In the second video (Canyon frame) it looks like the air shock is struggling to remain in line! Although looking at this video (rather low res) I cannot be sure, but it seems that aside from the combined action of the (real) primary suspension element of all bikes, the pneumatic tire & the shock absorb er receiving a “kick” (or additional load) from the tire’s compression, momentary overloading ti, the shock itself is receiving some distortion from the bike frame too!
No matter how controlled a frame’s distortion is, it still exists. I always thought that a plus element on suspension design is the isolation of the shock absorb er from “twisting” forces coming from the frame. After all, in the real world the bike has to deal with all shorts of loads coming form the trail!
Those small inserts between the shock eyes and suspension links are a good idea. Maybe a high quality spherical bushing would do the job (and NO, not those failed, ultralight ones, tried out from time to time!!! Here our primary goal is suspension performance, not lightweight…)
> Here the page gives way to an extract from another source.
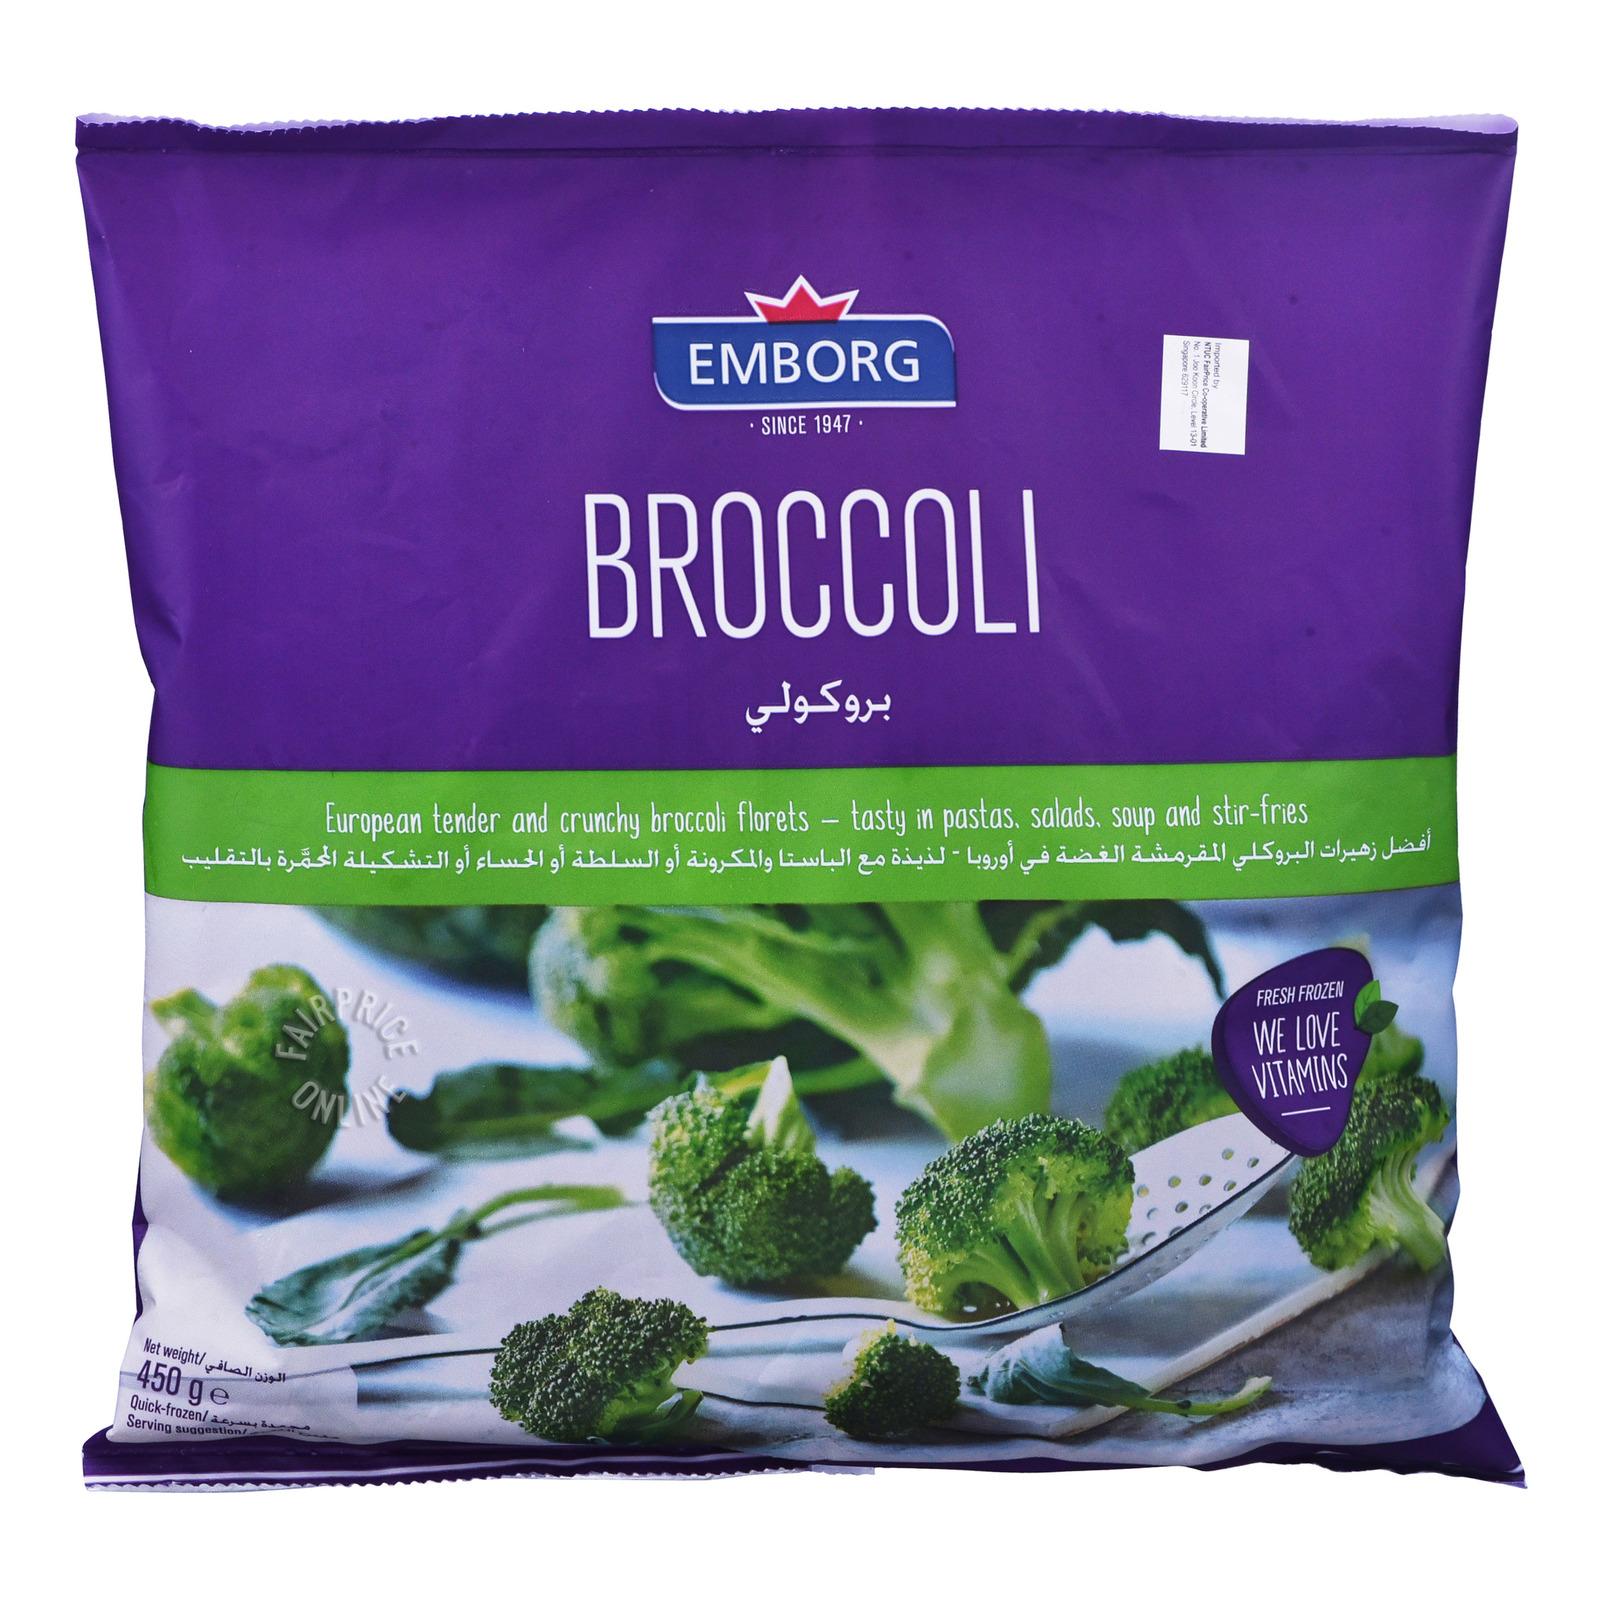 Emborg Frozen Broccoli Florets

The pneumatic tire was (and is) our primary suspension element. All other come second.
On a cantilever arm, mounted on a single large diameter pivot (for reducing unwanted distortions) that will rest at 1/3 off center, thus the one side will be 3 times the length of the other, we may mount 2 shocks.
The first shock, mounted at the short part of the lever, will be our “frame’s” suspension absorb er.
The other shock, mounted on the long part of the lever will be our pneumatic tire.
Under the “tire” shock there will be a pressure piston.
So now with the aid of a high speed camera or other measuring apparatus we can observe how the & when the additional load from the tire’s suspension will affect the suspension’s shock absorbed.
Just an idea (and IF all that actually means anything on bike handling).
I will freely admit the anti-squat stuff is above my pay grade at the moment.
Full-squish bikes are a whole other endeavor that I'll get to soon enough.
But, this sort of came up in conversation the other day, talking about cushcore inserts. Or at least, a somewhat related discussion.
When you think about what the suspension is actually doing on the bike, it helps to categorize the 'inputs' ie, small bumps, big hits, that sort of thing.
So when people talk about the suspension's 'small bump compliance', It's really more of 'medium bump compliance', as the tire system takes up so much of the small bumps, vibration, and 'chatter' that we usually don't even realize.
Then beyond that, our bodies can take up the big hits (bending at the knees, elbows, etc)
But of course comfort is only a small part of what the suspension does. Maintaining traction is of course a big aspect as well.
I don't know if any of that is helpful to the discussion, but it was funny that it came up in conversation for myself recently.
Also, (in the huck-to-flat vid) did anyone else notice how some of the bikes seem to 'oscillate' between the front and rear suspension? Like, the phenomenon pvd brought up, but it looks like the front and rear seem to "trade places" of which one is the tire rebounding and shock compressing.
The Santa Cruz Nomad is a good example of what I'm talking about.
It could just be that some of the bikes did not land level, one tire or the other hitting first, or maybe they are interfering with one another in the system.
Again, not sure if that's useful, but it caught my eye.
Imagine if the tire system had a relatively slow rebound. As in, the tire would deform to the bump or hit, then stay that way long enough to NOT give that oscillation into the suspension.
Then of course, since we're rolling forward, the tire would have the entire revolution's worth of time to get ready for the next hit.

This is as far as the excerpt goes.